Department of Hematology and Central Hematology Laboratory, Inselspital, University Hospital, Bern, Switzerland.

出版信息

Transfusion. 2006 Aug;46(8):1408-16. doi: 10.1111/j.1537-2995.2006.00910.x.

DOI:10.1111/j.1537-2995.2006.00910.x
PMID:16934079
Abstract

BACKGROUND

Individual adaptation of processed patient's blood volume (PBV) should reduce number and/or duration of autologous peripheral blood progenitor cell (PBPC) collections.

STUDY DESIGN AND METHODS

The durations of leukapheresis procedures were adapted by means of an interim analysis of harvested CD34+ cells to obtain the intended yield of CD34+ within as few and/or short as possible leukapheresis procedures. Absolute efficiency (AE; CD34+/kg body weight) and relative efficiency (RE; total CD34+ yield of single apheresis/total number of preapheresis CD34+) were calculated, assuming an intraapheresis recruitment if RE was greater than 1, and a yield prediction models for adults was generated.

RESULTS

A total of 196 adults required a total of 266 PBPC collections. The median AE was 7.99 x 10(6), and the median RE was 1.76. The prediction model for AE showed a satisfactory predictive value for preapheresis CD34+ only. The prediction model for RE also showed a low predictive value (R2 = 0.36). Twenty-eight children underwent 44 PBPC collections.
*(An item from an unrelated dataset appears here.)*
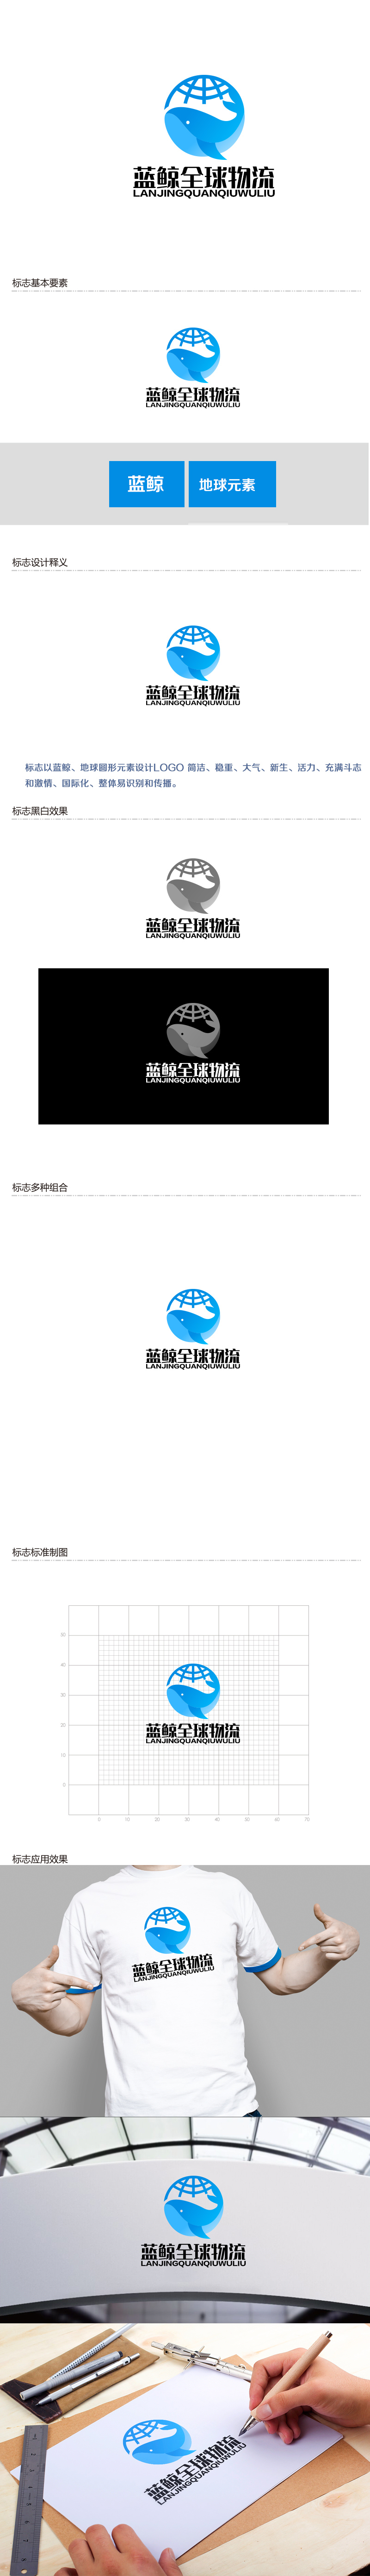 余亮亮的蓝鲸全球物流（广州）有限公司logo设计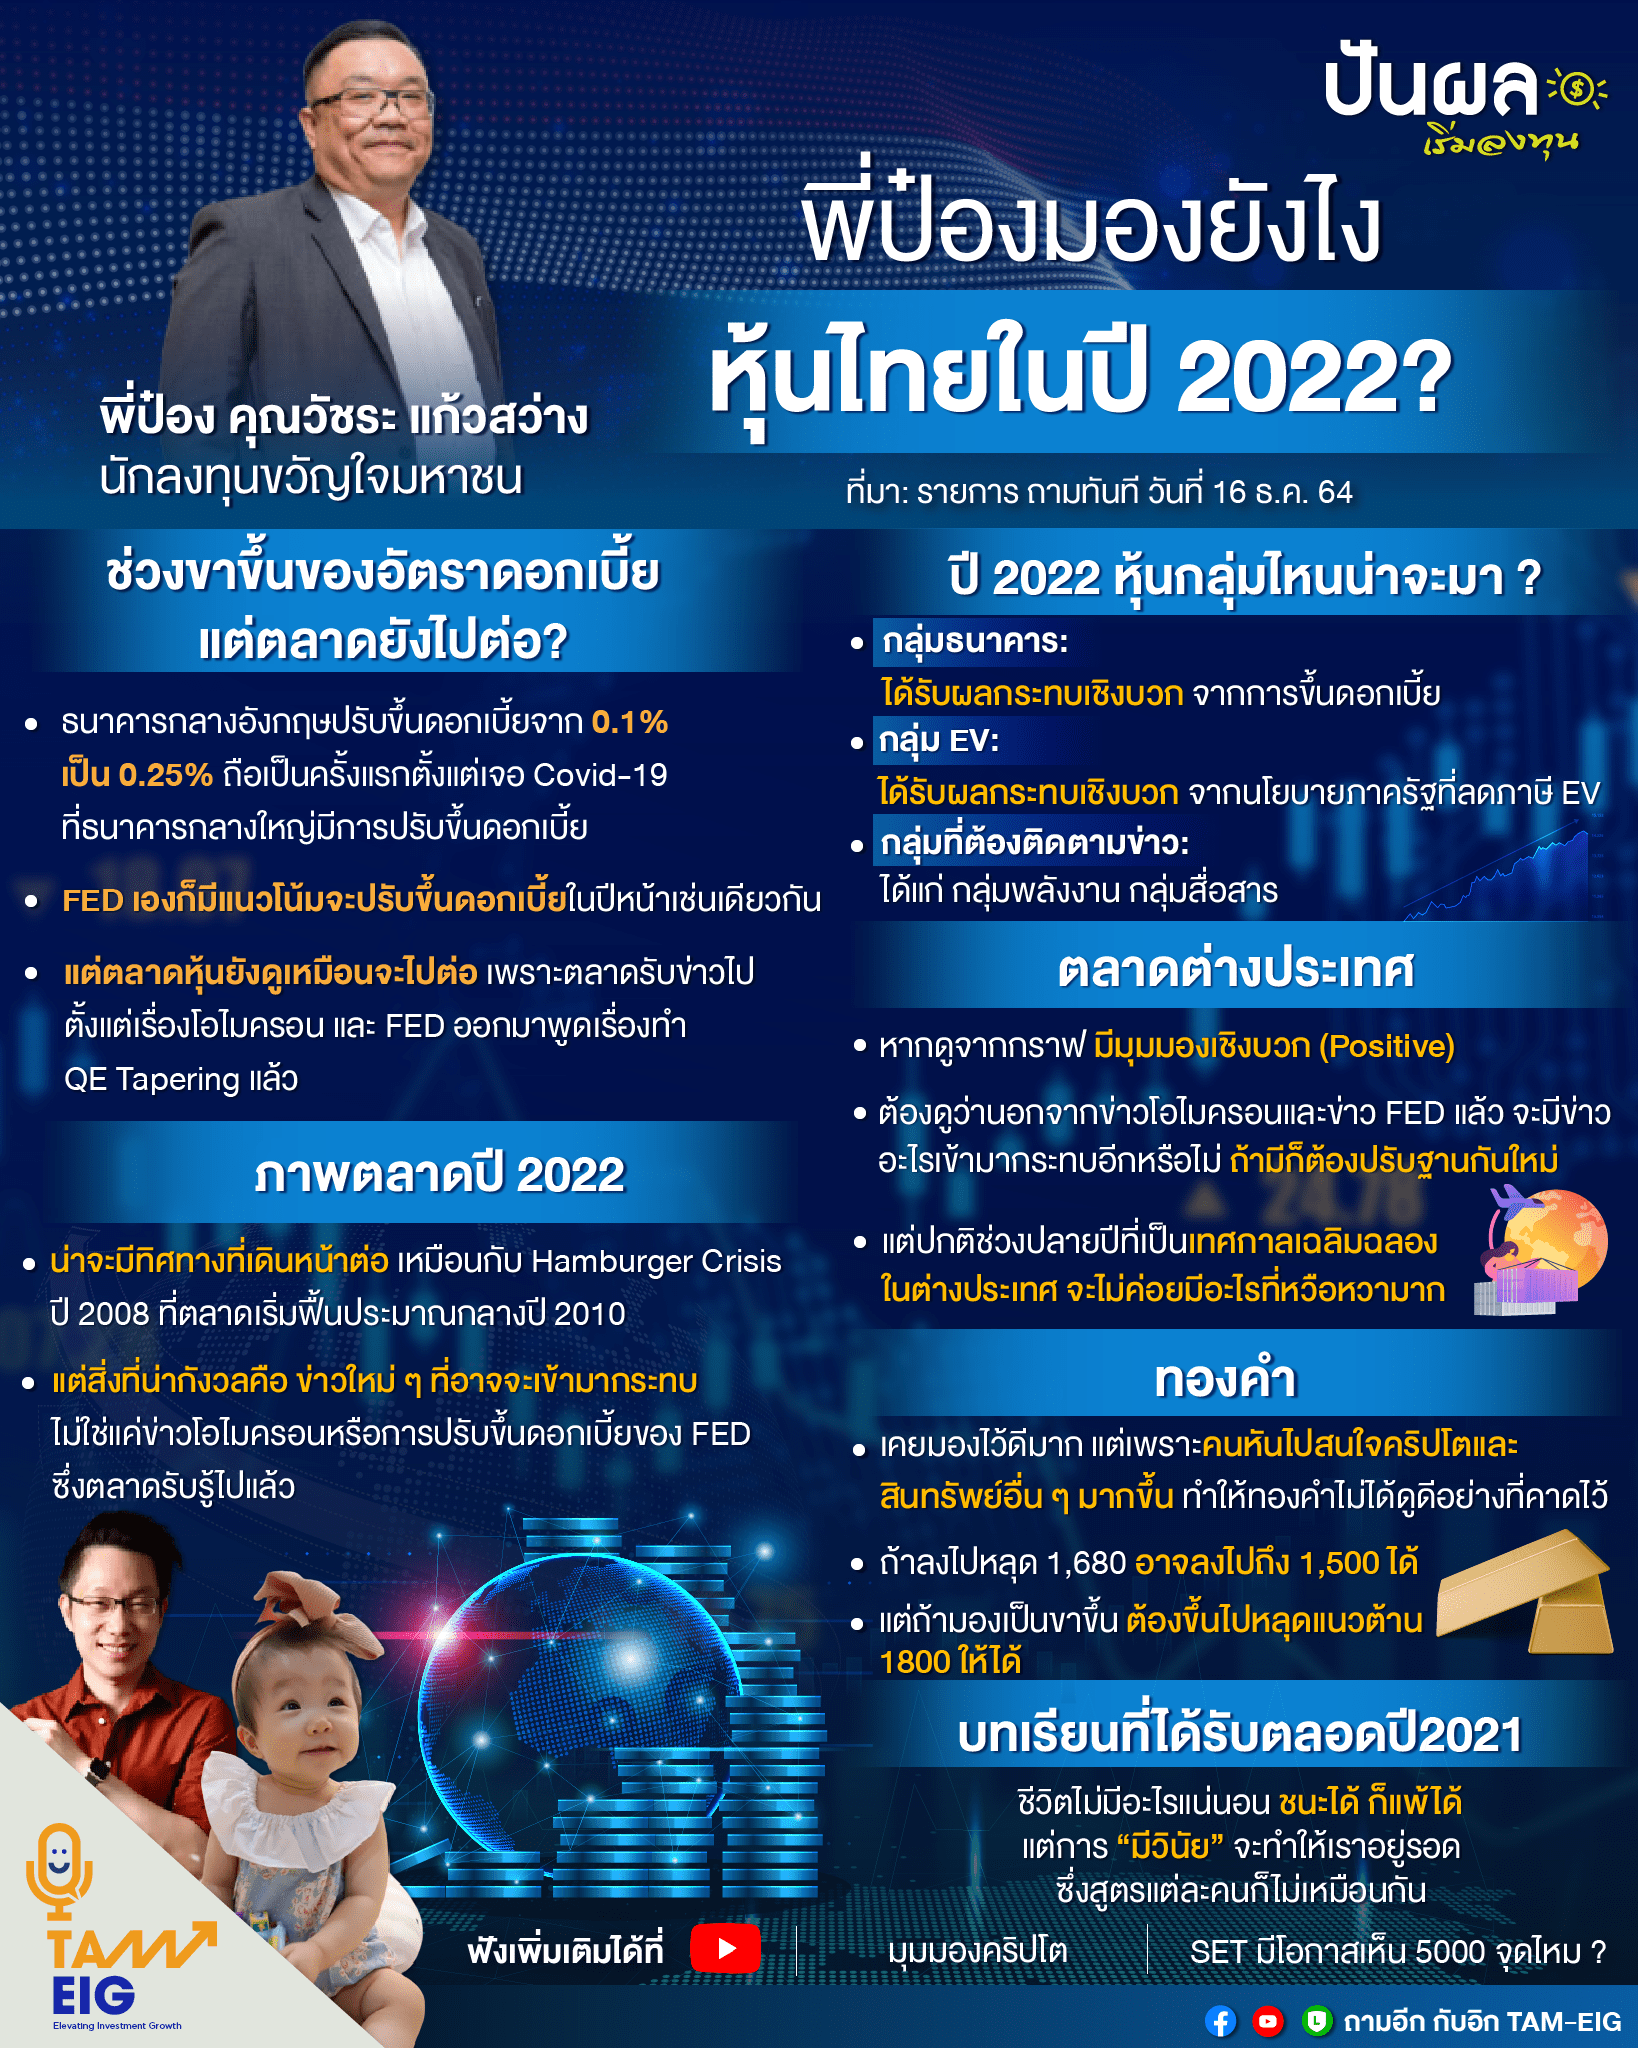 พี่ป๋องมองยังไง หุ้นไทยในปี 2022? ถามอีก กับ พี่ป๋อง คุณวัชระ แก้วสว่าง นักลงทุนขวัญใจมหาชน

The median AE was 12.13 x 10(6), and the median RE was 1.62. Major complications comprised bleeding episodes related to central venous catheters (n = 4) and severe thrombocytopenia of less than 10 x 10(9) per L (n = 16).

CONCLUSION

A CD34+ interim analysis is a suitable tool for individual adaptation of the duration of leukapheresis. During leukapheresis, a substantial recruitment of CD34+ was observed, resulting in a RE of greater than 1 in more than 75 percent of patients. The upper limit of processed PBV showing an intraapheresis CD34+ recruitment is higher than in a standard large-volume leukapheresis. Therefore, a reduction of individually needed PBPC collections by means of a further escalation of the processed PBV seems possible.

摘要

背景

对处理后的患者血容量(PBV)进行个体化调整应能减少自体外周血祖细胞(PBPC)采集的次数和/或时长。

研究设计与方法

通过对采集到的CD34+细胞进行中期分析来调整白细胞分离术的时长,以便在尽可能少和/或短的白细胞分离术过程中获得预期的CD34+产量。计算绝对效率(AE;CD34+/千克体重)和相对效率(RE;单次采集的总CD34+产量/采集前CD34+总数),如果RE大于1则假设存在采集过程中的细胞募集,并生成了成人的产量预测模型。

结果

共有196名成年人共需要进行266次PBPC采集。AE中位数为7.99×10⁶,RE中位数为1.76。AE预测模型仅对采集前CD34+显示出令人满意的预测价值。RE预测模型的预测价值也较低(R² = 0.36)。28名儿童进行了44次PBPC采集。AE中位数为12.13×10⁶,RE中位数为1.62。主要并发症包括与中心静脉导管相关的出血事件(n = 4)以及严重血小板减少症(低于10×10⁹/L,n = 16)。

结论

CD34+中期分析是用于个体化调整白细胞分离术时长的合适工具。在白细胞分离术中,观察到大量CD34+细胞募集,超过75%的患者RE大于1。显示采集过程中CD34+细胞募集的处理后PBV上限高于标准大容量白细胞分离术。因此,通过进一步增加处理后的PBV来减少个体所需的PBPC采集次数似乎是可行的。